Number of Visits: 12

Duration: 12 months

306 Participants Needed

Durvalumab for Lung Cancer

Recruiting at 180 trial locations

Age: 18+

Sex: Any

Trial Phase: Phase 3

Sponsor: National Cancer Institute (NCI)

Must be taking: Platinum-based chemotherapy, Anti-PD-1/PD-L1

Must not be taking: Immunosuppressive drugs, Corticosteroids

Disqualifiers: EGFR mutations, ALK gene fusion, Organ transplant, Autoimmune disease, others

No Placebo GroupAll trial participants will receive the active study treatment (no placebo)

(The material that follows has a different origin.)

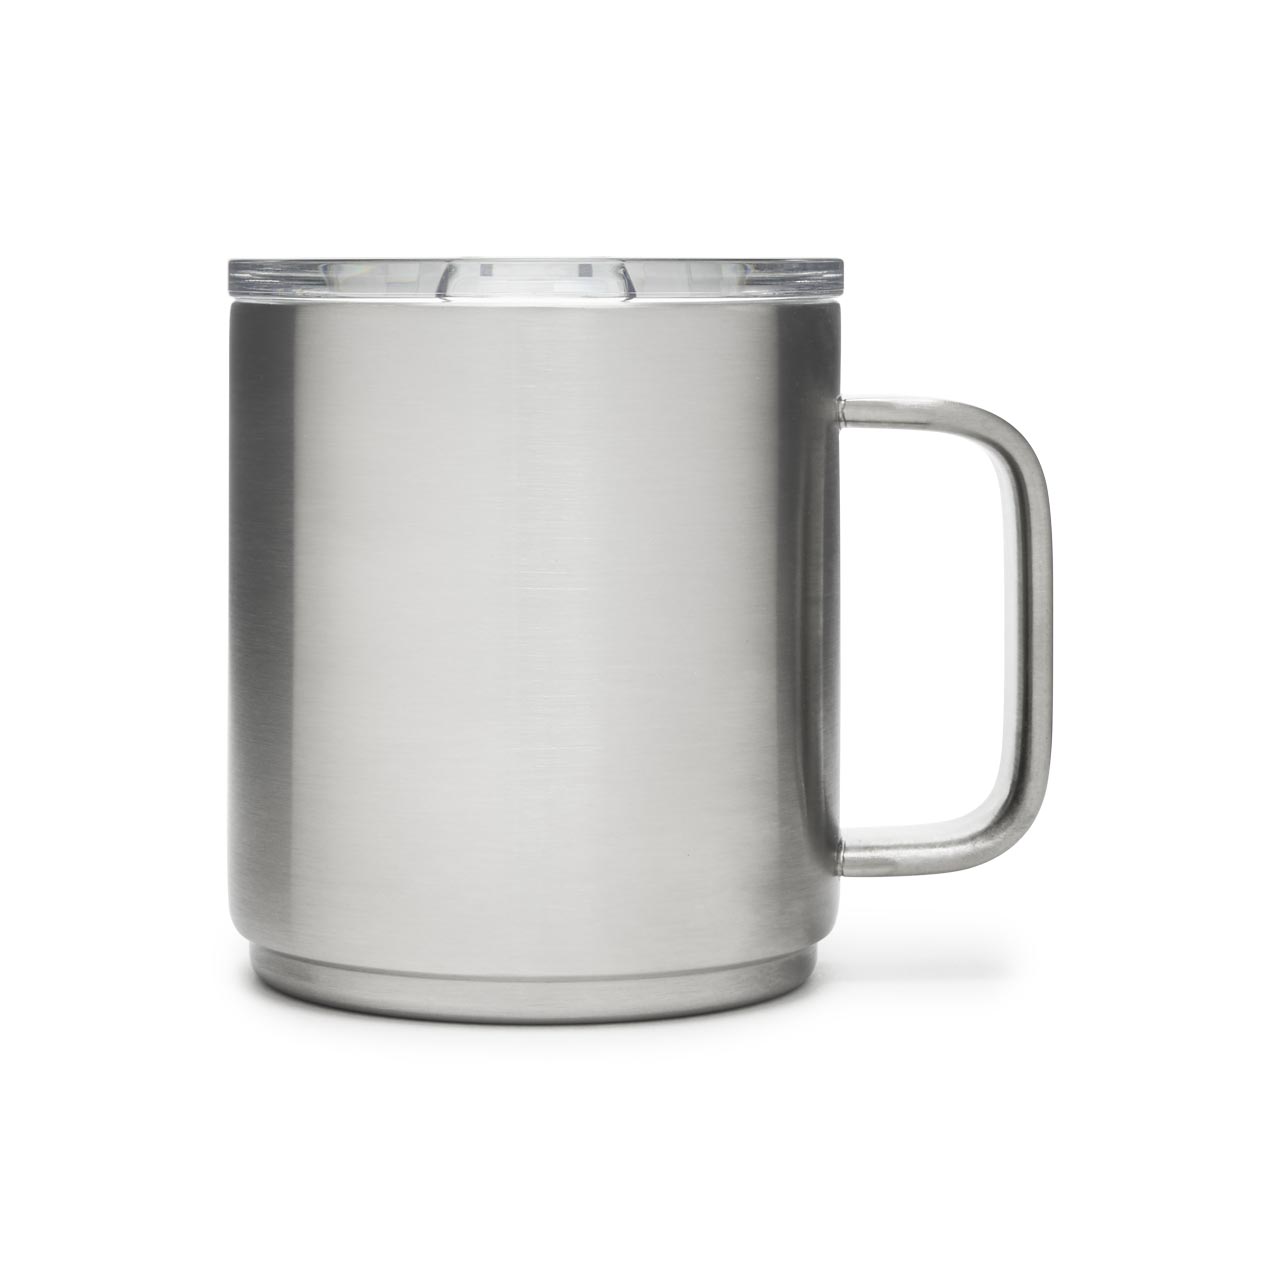 YETI Rambler Mug, 296 ml, Stainless Steel

Pivotal Trial (Near Approval)This treatment is in the last trial phase before FDA approval

Prior Safety DataThis treatment has passed at least one previous human trial

Breakthrough TherapyThis drug has been fast-tracked for approval by the FDA given its high promise

What You Need to Know Before You Apply

What is the purpose of this trial?

This trial tests whether durvalumab, a type of immunotherapy, can prevent early-stage non-small cell lung cancer from returning after surgery. Typically, post-surgery involves monitoring for cancer's return, but this study aims to determine if durvalumab offers a better alternative. Participants must have undergone lung cancer surgery and completed prior chemotherapy and immunotherapy. The study excludes those with certain gene mutations or recent treatments. As a Phase 3 trial, it represents the final step before FDA approval, giving participants an opportunity to contribute to potentially groundbreaking cancer treatment advancements.

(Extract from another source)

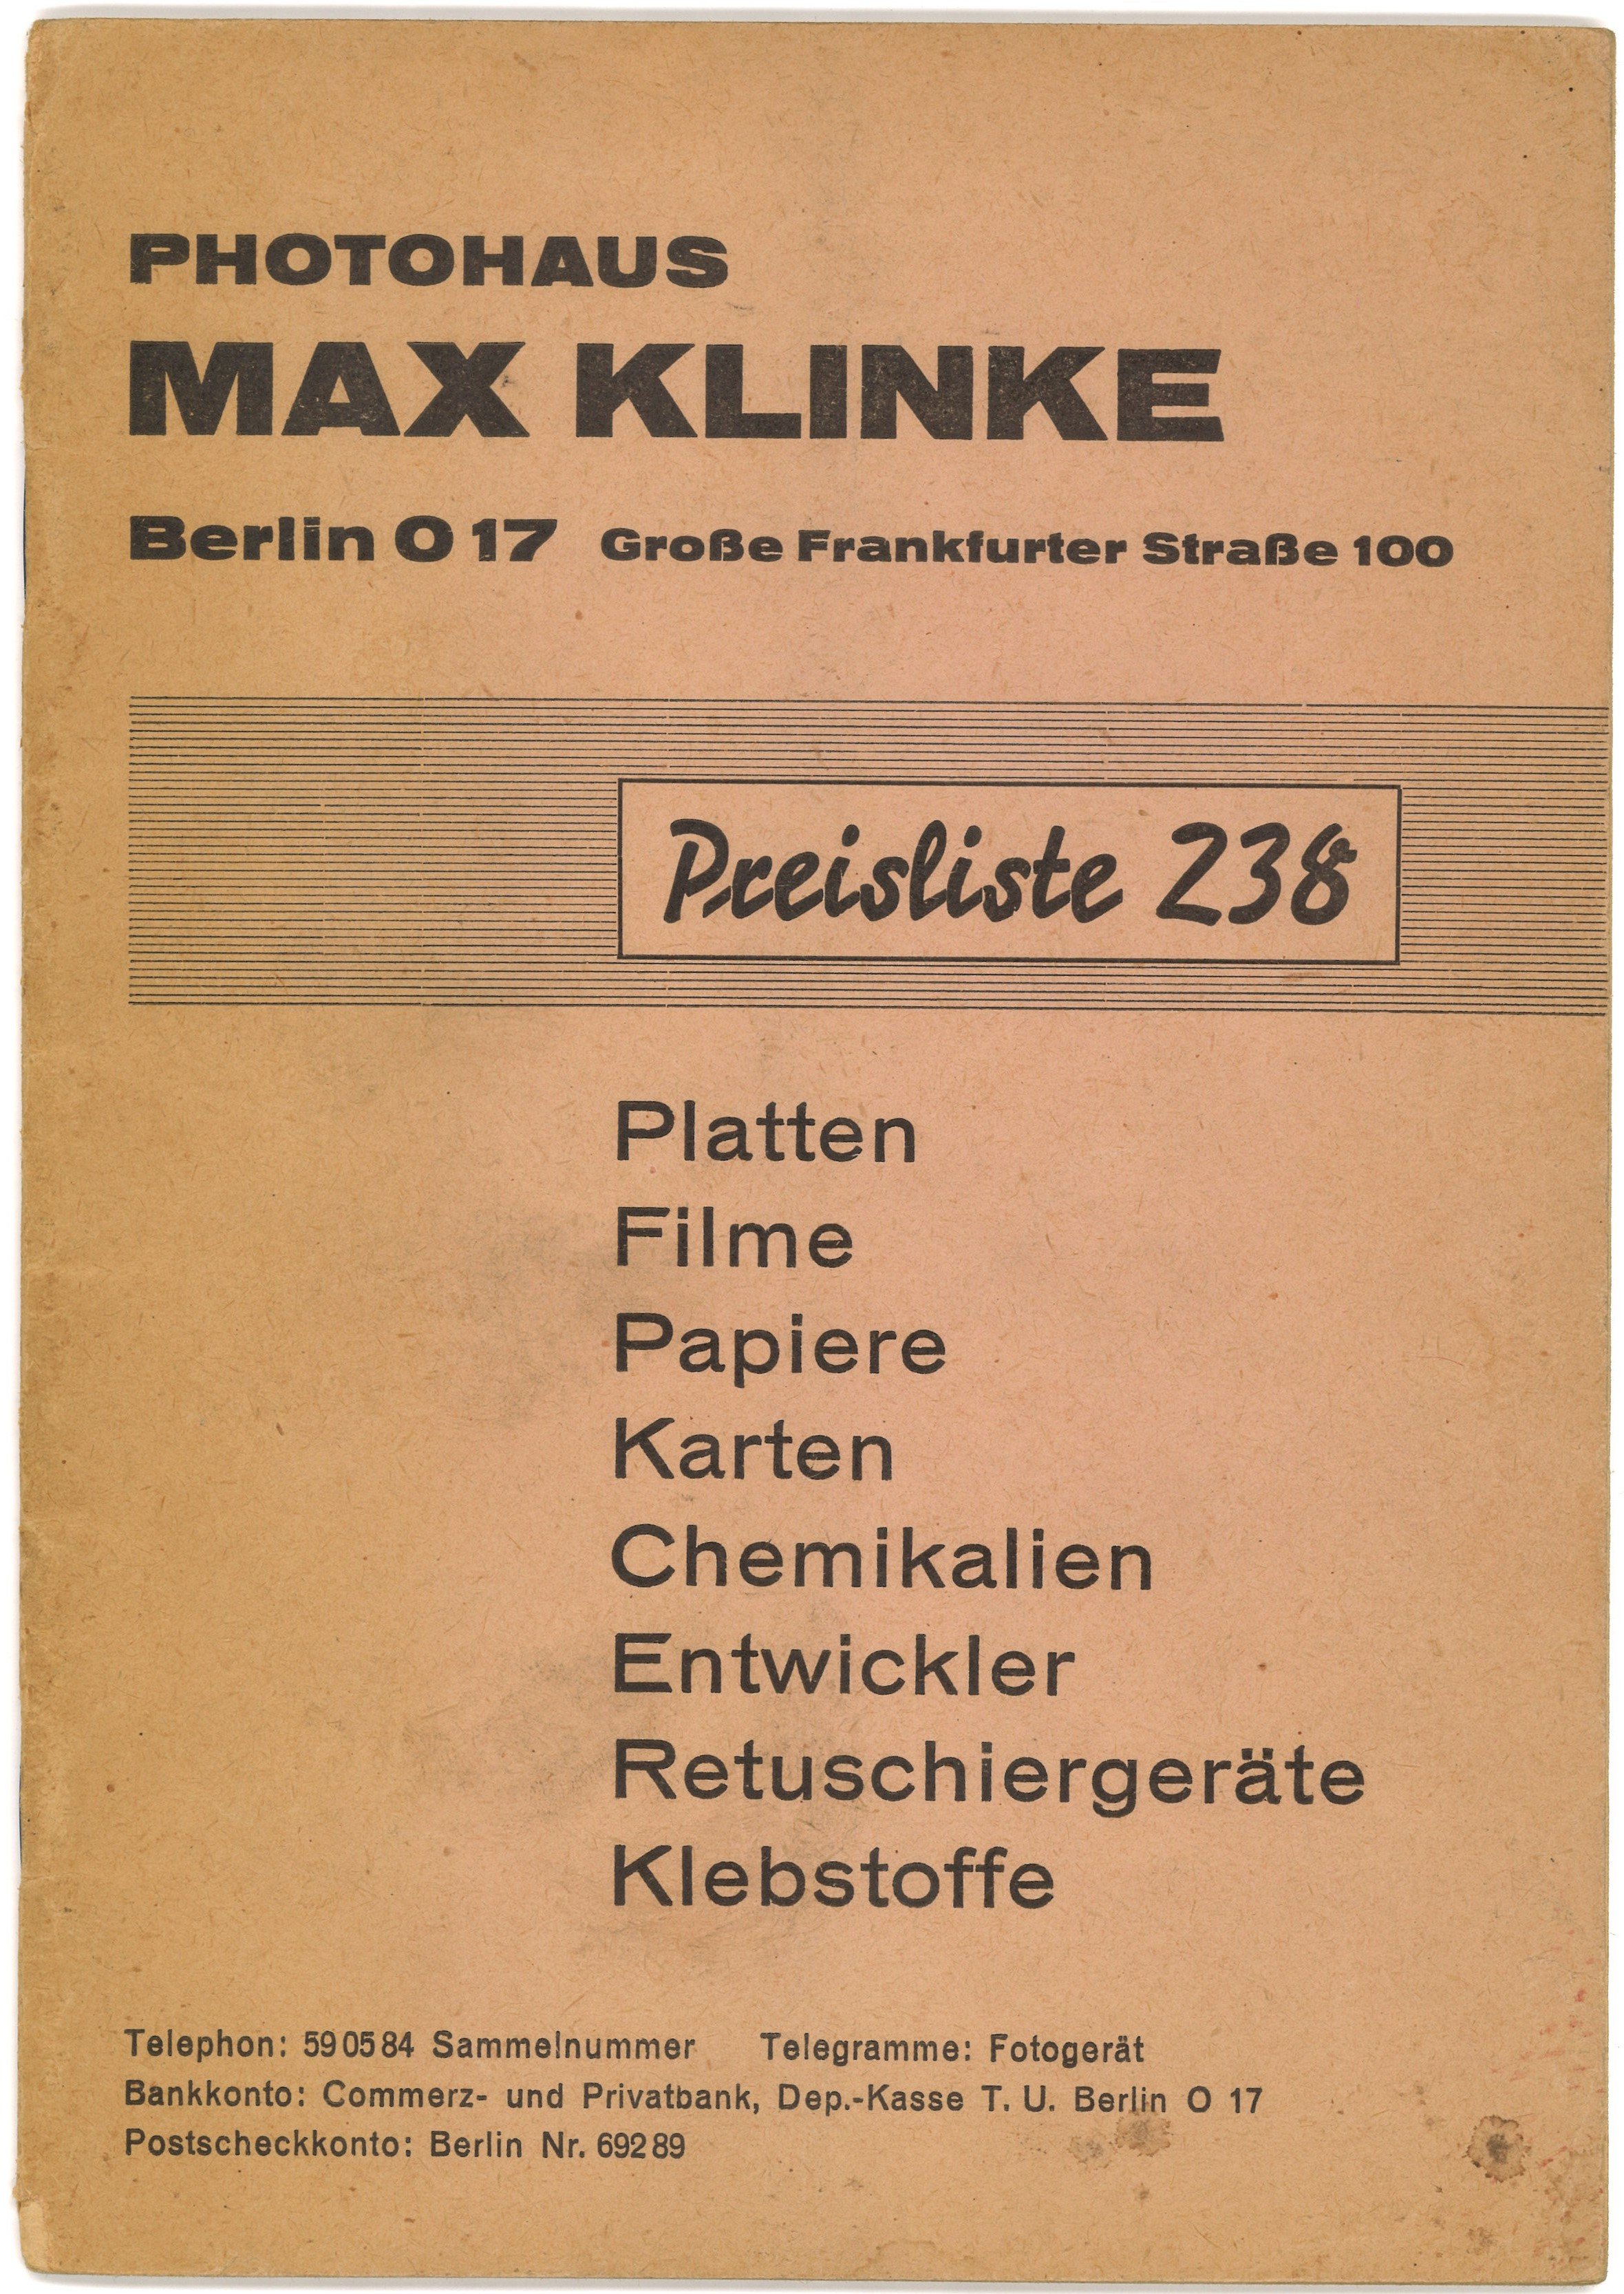 Photohaus Max Klinke, Berlin: Preisliste 238 (Landesgeschichtliche Vereinigung für die Mark Brandenburg e.V., Archiv CC BY)

Will I have to stop taking my current medications?

The trial does not specify if you need to stop taking your current medications, but you cannot receive any other chemotherapy, immunotherapy, or biologic treatments for lung cancer while in the study. It's best to discuss your specific medications with the study team.

Is there any evidence suggesting that durvalumab is likely to be safe for humans?

Research has shown that durvalumab, a treatment under study for lung cancer, is generally safe. In past studies, patients who used durvalumab for up to 12 months mostly tolerated it well. Results from these studies indicate that the drug's benefits outweigh the risks.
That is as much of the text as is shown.